Time is an arrow. Boltzmann told us time flows forward. This morning like most mornings, the cream I pour into my coffee mixes with ease.  It does not unmix.  Here time moves forward.  But here is not the totality of possibilities; it is only the vantage point from which we hypothesize. Julian Barbour, Tim Koslowski, and Flavio Mercarti propose that the Big Bang produces a single past with "two distinct futures emerging from it." They write, "Any internal observer must be in one half of the solution and will only be aware of the records of one branch and deduce a unique past and future direction from inspection of the available records."

Where we stand frames what we know and in doing so, what we cannot know.

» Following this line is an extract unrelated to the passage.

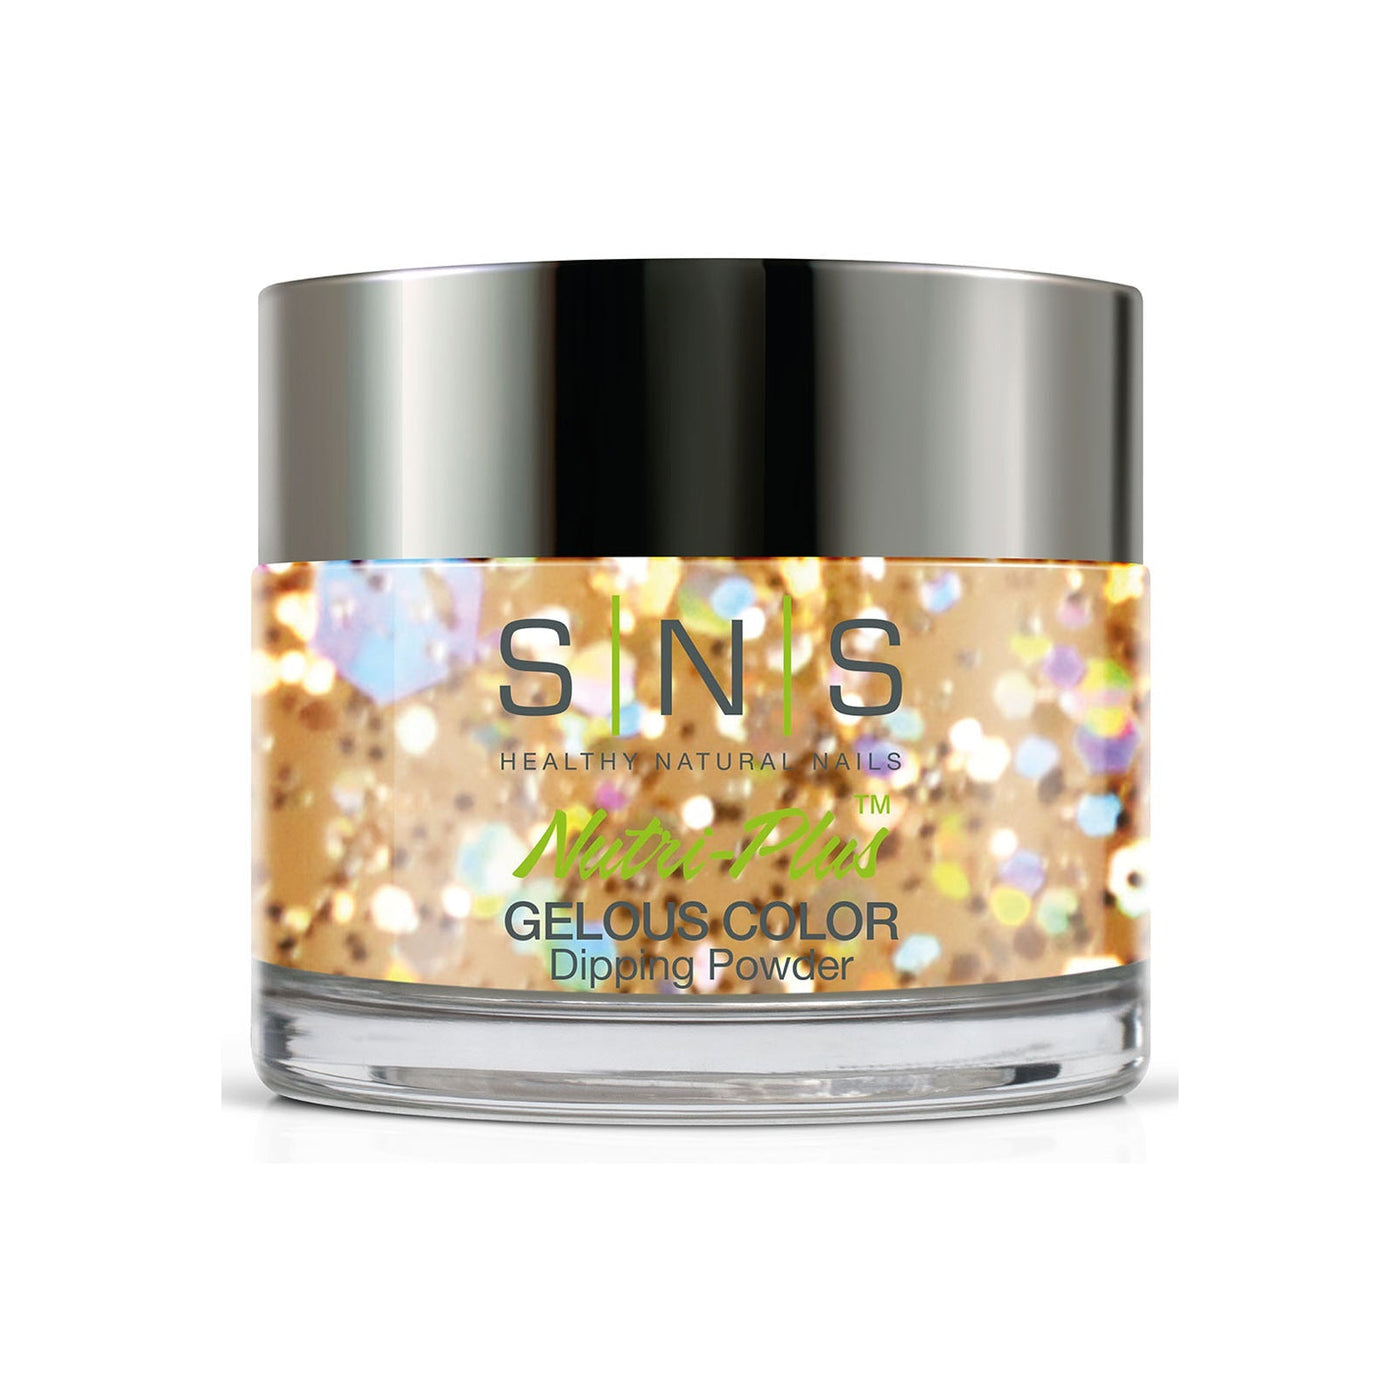 SNS Gelous Color Dipping Powder BP02 Golden Eagle (43g) packaging
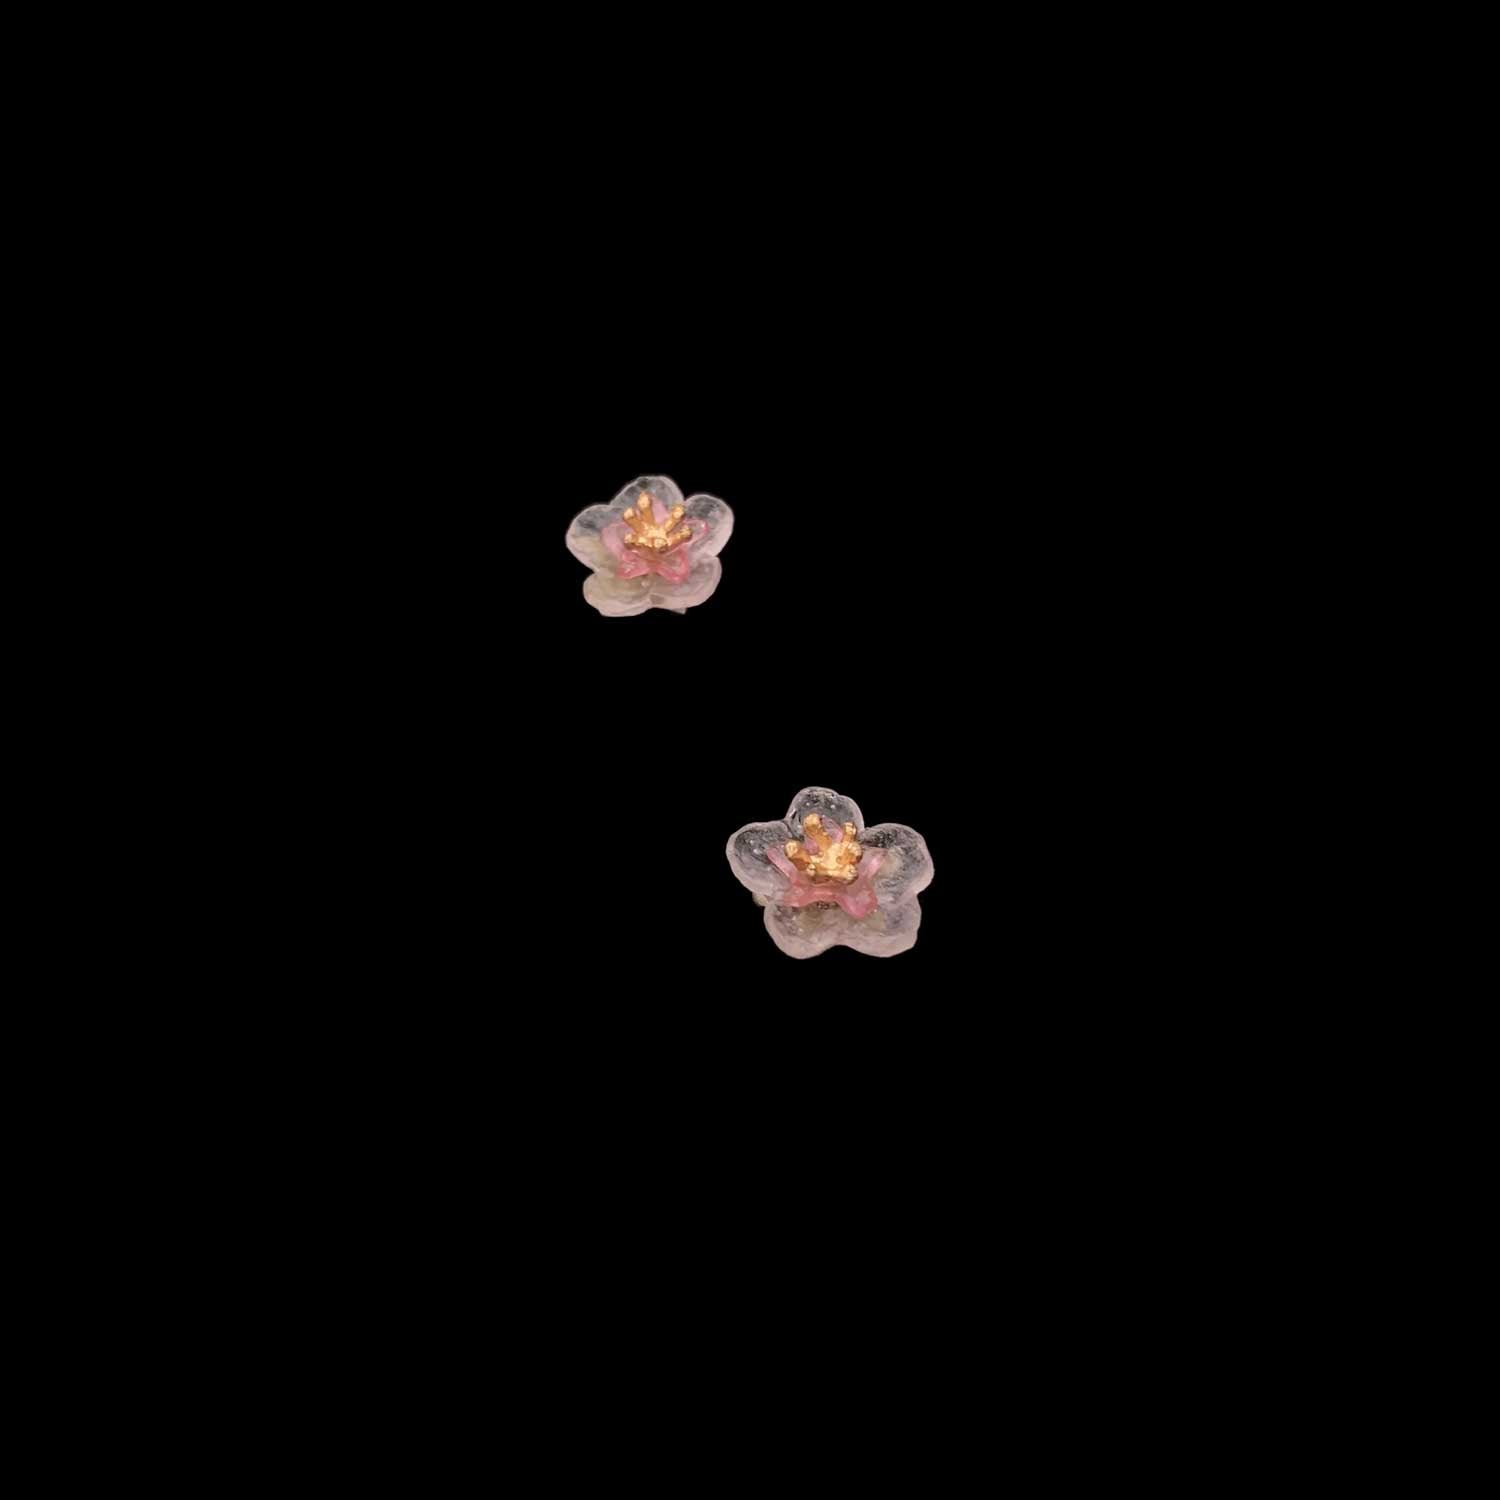 Peach Blossom Earrings - Dainty Post

Imagine that death is the movement from one future to another. Time then is never just an arrow. It is a slim truth we have concocted to organize what is irrational. We live here in these three dimensions and we call that whole and yet grief lives within and beyond that if we let it.

III.

Each death slays us as it opens us to other ways of knowing, being, loving. I know this now.  I know how Rob's death opens me to what is non-orientable, what is unnamed. We know more than we can say is a better truth than time moves forward, leaving those we have loved behind.

Some nights, I sleep in flannel pants he once wore. When it is cool and misting, I wear a flannel shirt of his when I walk outside.  It is the absence and odd clarity of memory that travels with grief that moves me most; makes me most humbled when I read posts like Simon's.  Wallace Stevens knew, like I do now that there's such courage in the saying out loud what we see in the dark.